(Data excerpts)
+ + + + + + +

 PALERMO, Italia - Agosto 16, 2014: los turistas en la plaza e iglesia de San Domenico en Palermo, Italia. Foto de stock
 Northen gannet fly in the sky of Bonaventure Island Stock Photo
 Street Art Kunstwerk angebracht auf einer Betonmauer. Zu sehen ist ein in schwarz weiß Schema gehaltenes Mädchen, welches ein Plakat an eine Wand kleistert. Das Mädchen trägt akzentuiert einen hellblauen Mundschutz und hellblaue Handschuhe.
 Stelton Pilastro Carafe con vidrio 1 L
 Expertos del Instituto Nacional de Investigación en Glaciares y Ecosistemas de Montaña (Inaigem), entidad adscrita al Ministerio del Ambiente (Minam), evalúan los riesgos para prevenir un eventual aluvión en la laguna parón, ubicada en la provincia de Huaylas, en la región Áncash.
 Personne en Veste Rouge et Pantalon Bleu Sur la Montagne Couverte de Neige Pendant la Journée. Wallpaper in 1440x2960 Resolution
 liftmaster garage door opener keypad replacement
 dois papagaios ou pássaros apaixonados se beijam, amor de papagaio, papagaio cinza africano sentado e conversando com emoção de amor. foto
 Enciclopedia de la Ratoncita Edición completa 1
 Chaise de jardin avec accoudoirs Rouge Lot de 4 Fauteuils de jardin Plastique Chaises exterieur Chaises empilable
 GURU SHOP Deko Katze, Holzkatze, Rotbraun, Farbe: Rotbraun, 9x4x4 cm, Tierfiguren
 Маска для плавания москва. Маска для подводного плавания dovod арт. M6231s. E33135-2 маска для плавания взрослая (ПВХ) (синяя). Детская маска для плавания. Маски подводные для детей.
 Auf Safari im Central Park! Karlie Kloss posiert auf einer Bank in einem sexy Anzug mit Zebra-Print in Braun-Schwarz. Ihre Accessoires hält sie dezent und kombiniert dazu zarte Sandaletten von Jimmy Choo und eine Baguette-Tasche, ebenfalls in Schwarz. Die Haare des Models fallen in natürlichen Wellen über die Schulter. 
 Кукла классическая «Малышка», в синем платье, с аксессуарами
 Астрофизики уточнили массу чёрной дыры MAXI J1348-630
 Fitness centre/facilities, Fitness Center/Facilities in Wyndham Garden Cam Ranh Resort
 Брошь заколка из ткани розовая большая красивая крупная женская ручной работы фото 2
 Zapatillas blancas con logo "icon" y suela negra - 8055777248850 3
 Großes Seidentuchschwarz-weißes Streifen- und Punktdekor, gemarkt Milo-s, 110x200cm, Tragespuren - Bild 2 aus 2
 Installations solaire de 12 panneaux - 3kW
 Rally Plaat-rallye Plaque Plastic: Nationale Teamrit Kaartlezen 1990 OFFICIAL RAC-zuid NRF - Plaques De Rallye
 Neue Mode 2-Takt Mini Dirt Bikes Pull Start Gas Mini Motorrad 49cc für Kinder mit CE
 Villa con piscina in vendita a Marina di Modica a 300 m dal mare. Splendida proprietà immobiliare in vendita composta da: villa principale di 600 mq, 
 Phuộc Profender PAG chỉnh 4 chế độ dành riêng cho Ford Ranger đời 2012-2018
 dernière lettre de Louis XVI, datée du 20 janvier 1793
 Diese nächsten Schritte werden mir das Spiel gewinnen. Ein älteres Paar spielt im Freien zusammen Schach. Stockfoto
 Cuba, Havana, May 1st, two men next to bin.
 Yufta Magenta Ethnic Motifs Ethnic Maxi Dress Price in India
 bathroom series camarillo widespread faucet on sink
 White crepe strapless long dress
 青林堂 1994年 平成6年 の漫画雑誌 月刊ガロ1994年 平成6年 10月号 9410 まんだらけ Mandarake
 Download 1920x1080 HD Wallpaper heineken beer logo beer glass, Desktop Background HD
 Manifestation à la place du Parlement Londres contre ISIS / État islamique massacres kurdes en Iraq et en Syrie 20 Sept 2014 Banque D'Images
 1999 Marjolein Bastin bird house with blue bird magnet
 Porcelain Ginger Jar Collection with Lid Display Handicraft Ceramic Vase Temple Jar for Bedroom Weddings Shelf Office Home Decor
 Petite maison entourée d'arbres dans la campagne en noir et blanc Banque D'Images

+ + + + + + +

*EXERCISE DIRECTIONS*. Reply with the complete records, restated exactly.

*SOLUTION FOR THIS PROBLEM*.
 PALERMO, Italia - Agosto 16, 2014: los turistas en la plaza e iglesia de San Domenico en Palermo, Italia. Foto de stock
 Northen gannet fly in the sky of Bonaventure Island Stock Photo
 Street Art Kunstwerk angebracht auf einer Betonmauer. Zu sehen ist ein in schwarz weiß Schema gehaltenes Mädchen, welches ein Plakat an eine Wand kleistert. Das Mädchen trägt akzentuiert einen hellblauen Mundschutz und hellblaue Handschuhe.
 Stelton Pilastro Carafe con vidrio 1 L
 Expertos del Instituto Nacional de Investigación en Glaciares y Ecosistemas de Montaña (Inaigem), entidad adscrita al Ministerio del Ambiente (Minam), evalúan los riesgos para prevenir un eventual aluvión en la laguna parón, ubicada en la provincia de Huaylas, en la región Áncash.
 Personne en Veste Rouge et Pantalon Bleu Sur la Montagne Couverte de Neige Pendant la Journée. Wallpaper in 1440x2960 Resolution
 liftmaster garage door opener keypad replacement
 dois papagaios ou pássaros apaixonados se beijam, amor de papagaio, papagaio cinza africano sentado e conversando com emoção de amor. foto
 Enciclopedia de la Ratoncita Edición completa 1
 Chaise de jardin avec accoudoirs Rouge Lot de 4 Fauteuils de jardin Plastique Chaises exterieur Chaises empilable
 GURU SHOP Deko Katze, Holzkatze, Rotbraun, Farbe: Rotbraun, 9x4x4 cm, Tierfiguren
 Маска для плавания москва. Маска для подводного плавания dovod арт. M6231s. E33135-2 маска для плавания взрослая (ПВХ) (синяя). Детская маска для плавания. Маски подводные для детей.
 Auf Safari im Central Park! Karlie Kloss posiert auf einer Bank in einem sexy Anzug mit Zebra-Print in Braun-Schwarz. Ihre Accessoires hält sie dezent und kombiniert dazu zarte Sandaletten von Jimmy Choo und eine Baguette-Tasche, ebenfalls in Schwarz. Die Haare des Models fallen in natürlichen Wellen über die Schulter. 
 Кукла классическая «Малышка», в синем платье, с аксессуарами
 Астрофизики уточнили массу чёрной дыры MAXI J1348-630
 Fitness centre/facilities, Fitness Center/Facilities in Wyndham Garden Cam Ranh Resort
 Брошь заколка из ткани розовая большая красивая крупная женская ручной работы фото 2
 Zapatillas blancas con logo "icon" y suela negra - 8055777248850 3
 Großes Seidentuchschwarz-weißes Streifen- und Punktdekor, gemarkt Milo-s, 110x200cm, Tragespuren - Bild 2 aus 2
 Installations solaire de 12 panneaux - 3kW
 Rally Plaat-rallye Plaque Plastic: Nationale Teamrit Kaartlezen 1990 OFFICIAL RAC-zuid NRF - Plaques De Rallye
 Neue Mode 2-Takt Mini Dirt Bikes Pull Start Gas Mini Motorrad 49cc für Kinder mit CE
 Villa con piscina in vendita a Marina di Modica a 300 m dal mare. Splendida proprietà immobiliare in vendita composta da: villa principale di 600 mq, 
 Phuộc Profender PAG chỉnh 4 chế độ dành riêng cho Ford Ranger đời 2012-2018
 dernière lettre de Louis XVI, datée du 20 janvier 1793
 Diese nächsten Schritte werden mir das Spiel gewinnen. Ein älteres Paar spielt im Freien zusammen Schach. Stockfoto
 Cuba, Havana, May 1st, two men next to bin.
 Yufta Magenta Ethnic Motifs Ethnic Maxi Dress Price in India
 bathroom series camarillo widespread faucet on sink
 White crepe strapless long dress
 青林堂 1994年 平成6年 の漫画雑誌 月刊ガロ1994年 平成6年 10月号 9410 まんだらけ Mandarake
 Download 1920x1080 HD Wallpaper heineken beer logo beer glass, Desktop Background HD
 Manifestation à la place du Parlement Londres contre ISIS / État islamique massacres kurdes en Iraq et en Syrie 20 Sept 2014 Banque D'Images
 1999 Marjolein Bastin bird house with blue bird magnet
 Porcelain Ginger Jar Collection with Lid Display Handicraft Ceramic Vase Temple Jar for Bedroom Weddings Shelf Office Home Decor
 Petite maison entourée d'arbres dans la campagne en noir et blanc Banque D'Images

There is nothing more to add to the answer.